- _Task description_: Give back each line of the data exactly as it reads, minus the pictures.

- _Information shown_:

::::::

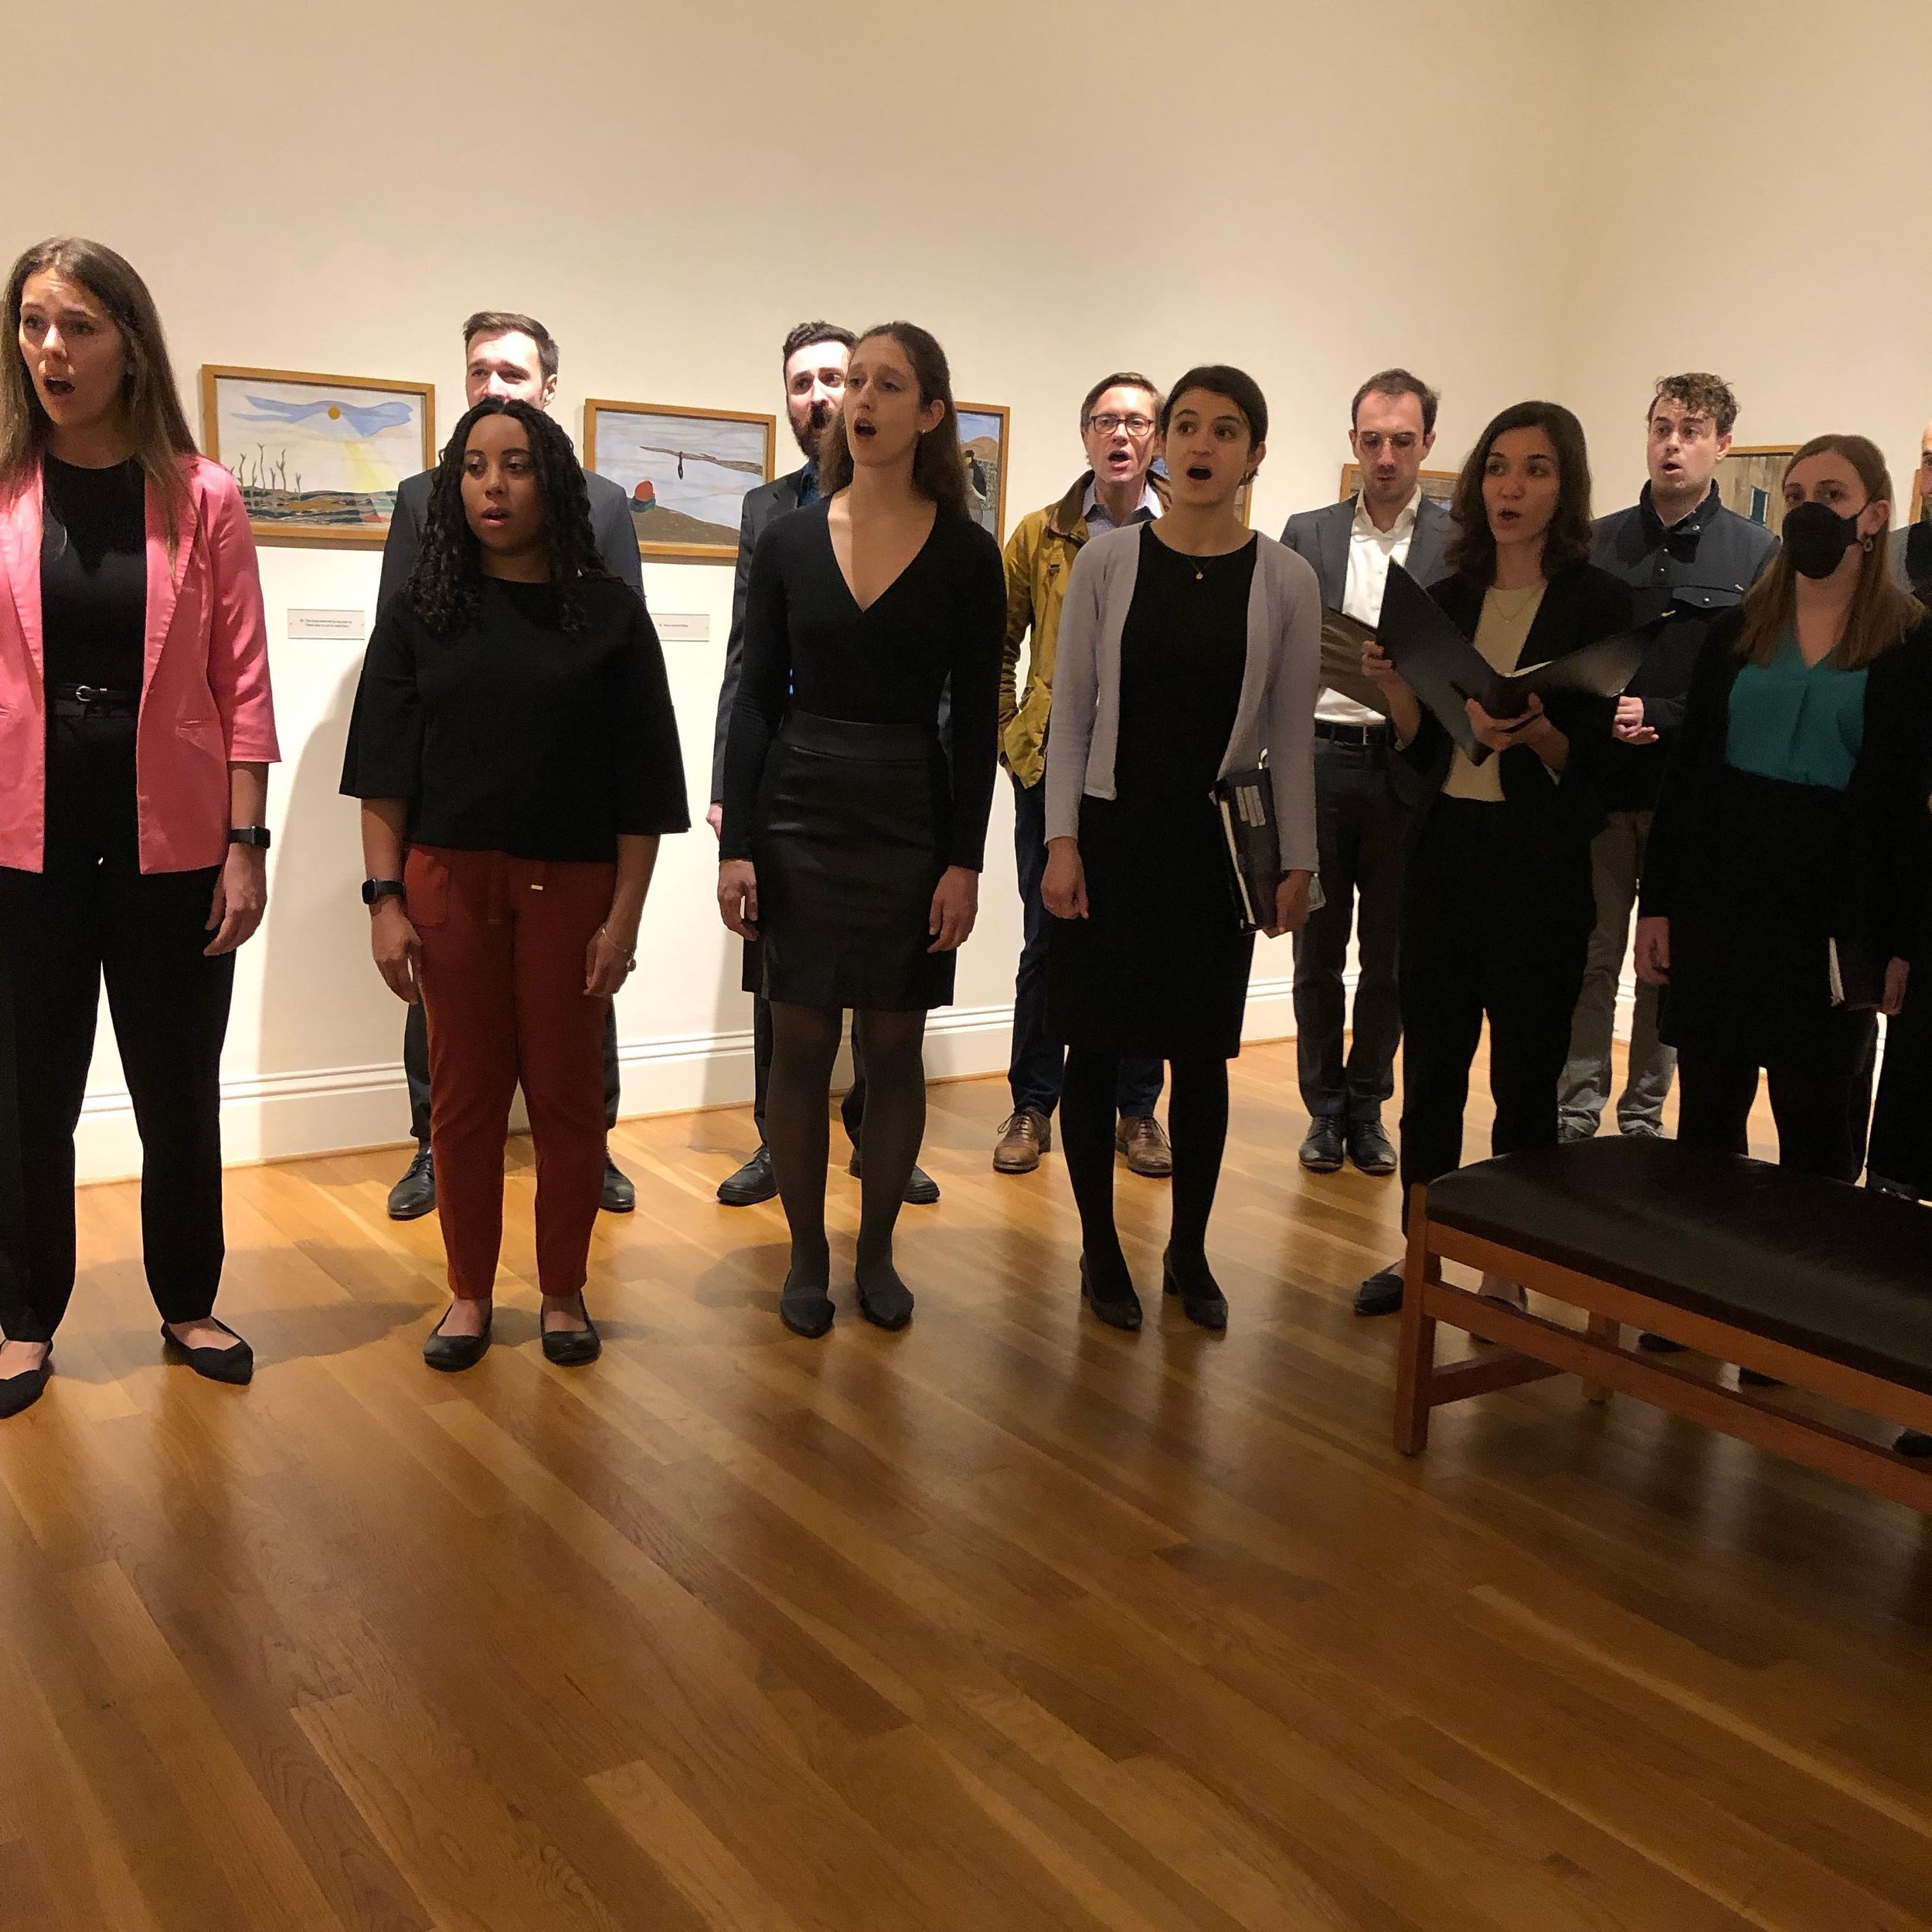 #tbt to warmups in an art gallery before an amazing gig at the @phillipscollection 🤯 such a cool experience and such a gorgeous sound!

Any time you want music for your paintings, give us a call! 

#18thstsingers #DCmusic #DCchoir #bestgigever #chor

::::::

- _Result of the task_:
 #tbt to warmups in an art gallery before an amazing gig at the @phillipscollection 🤯 such a cool experience and such a gorgeous sound!

Any time you want music for your paintings, give us a call! 

#18thstsingers #DCmusic #DCchoir #bestgigever #chor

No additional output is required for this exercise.